## Dataset excerpt
-- Opening Marker --

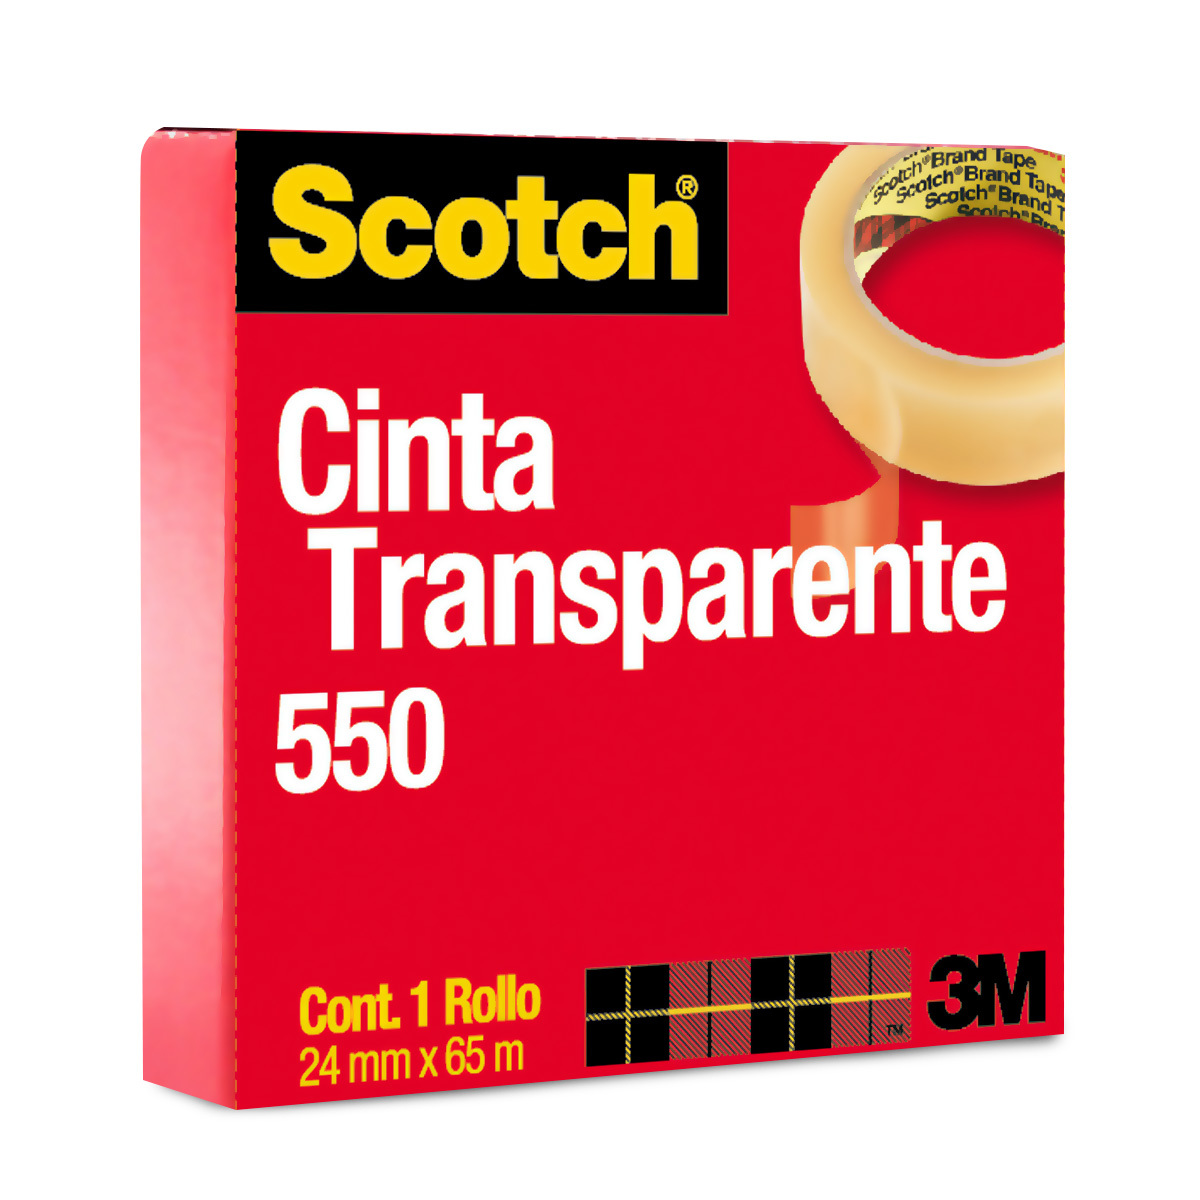  3 M 1.5 in 600 Scotch – Cinta adhesiva transparente 1 Caso (24  rollos) s-18659 : Productos de Oficina
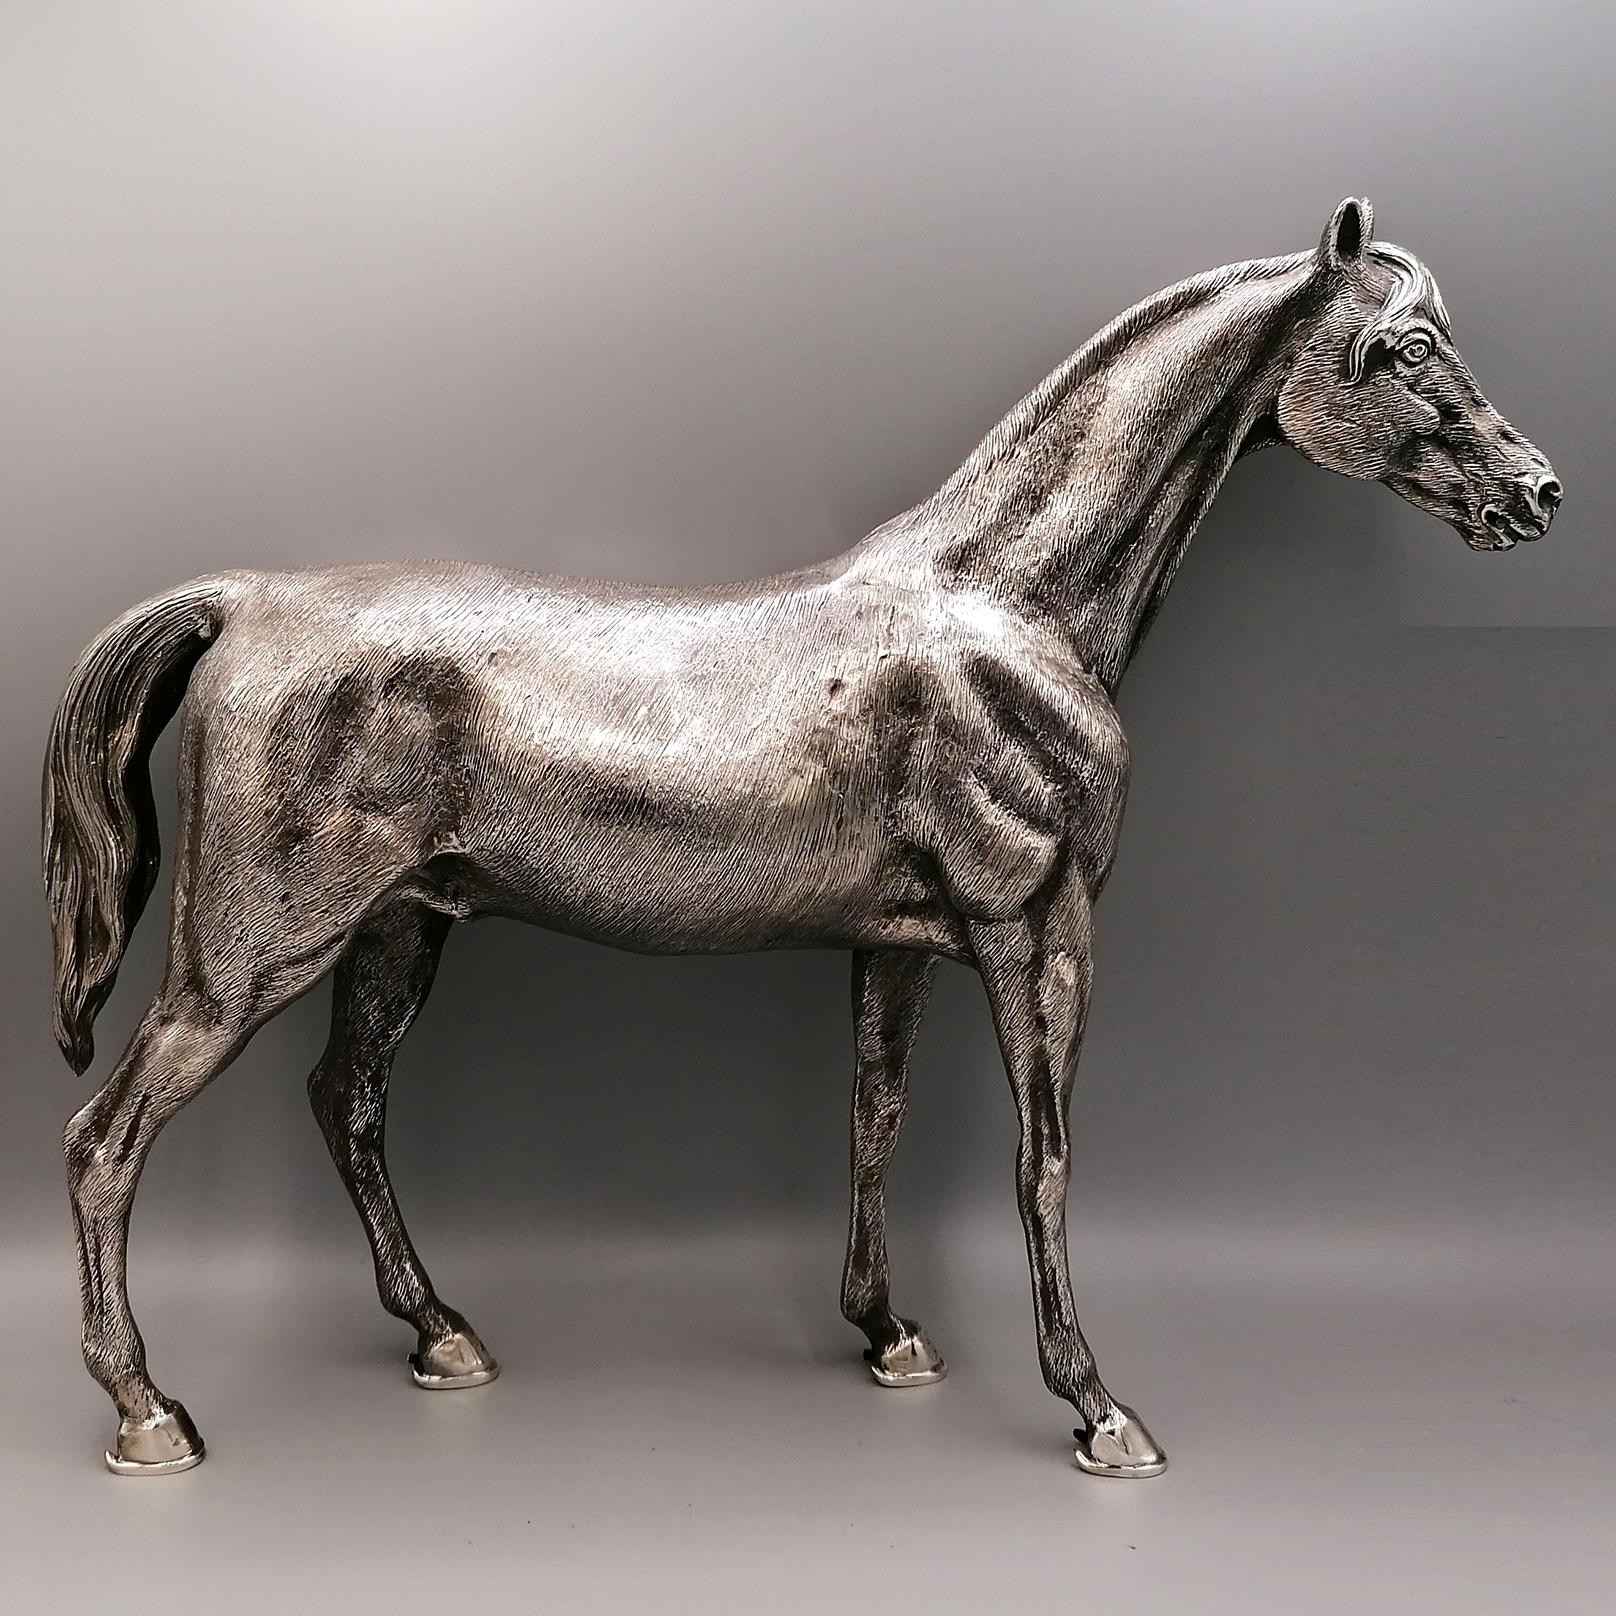 Statue de cheval en argent massif 800 entièrement réalisée à la main. Le cheval a été réalisé en deux parties avec la technique de la fusion en terre et, une fois coulé et détaché, assemblé par soudure. Par la suite, il a été ciselé afin de mettre
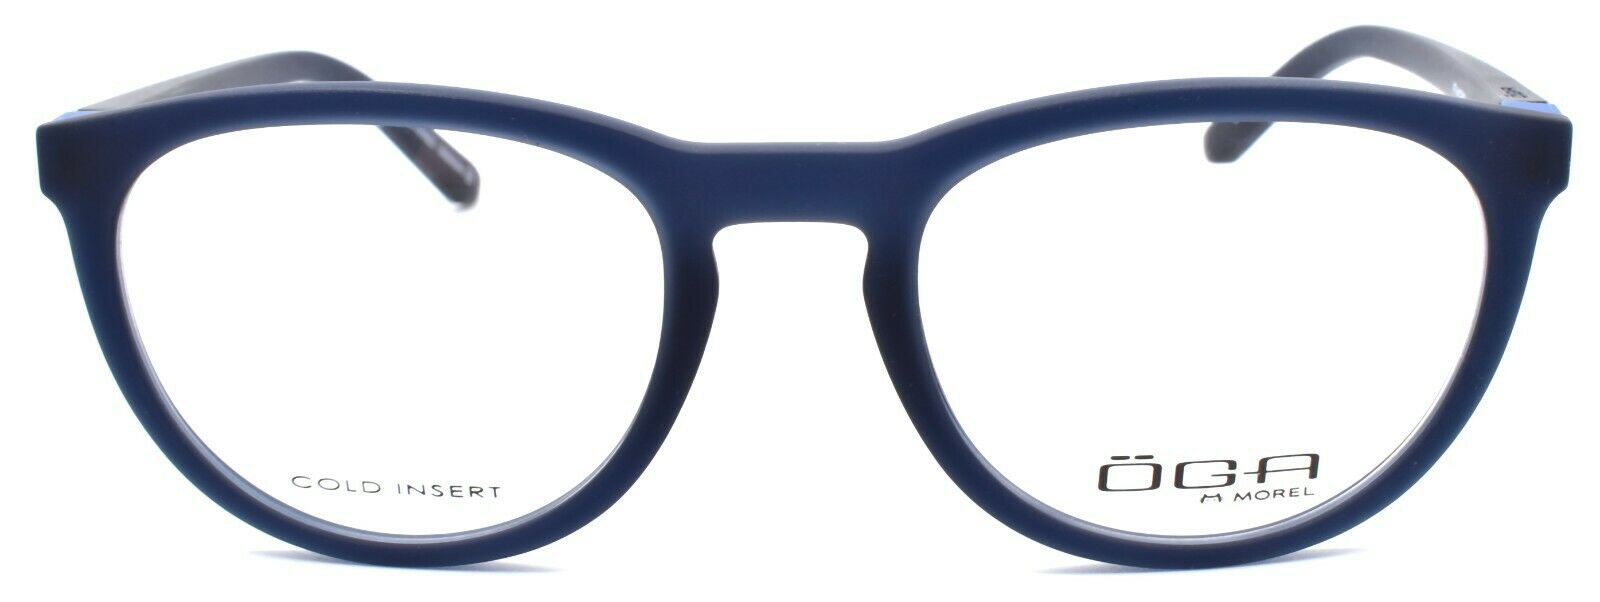 2-OGA by Morel 8204O BB021 Eyeglasses Frames 51-20-140 Dark Blue-3604770897661-IKSpecs

-- Closing Marker --

Line by line, write out the data above exactly, without the pictures.

## Finished exercise
  3 M 1.5 in 600 Scotch – Cinta adhesiva transparente 1 Caso (24  rollos) s-18659 : Productos de Oficina
 Statue de cheval en argent massif 800 entièrement réalisée à la main. Le cheval a été réalisé en deux parties avec la technique de la fusion en terre et, une fois coulé et détaché, assemblé par soudure. Par la suite, il a été ciselé afin de mettre
 2-OGA by Morel 8204O BB021 Eyeglasses Frames 51-20-140 Dark Blue-3604770897661-IKSpecs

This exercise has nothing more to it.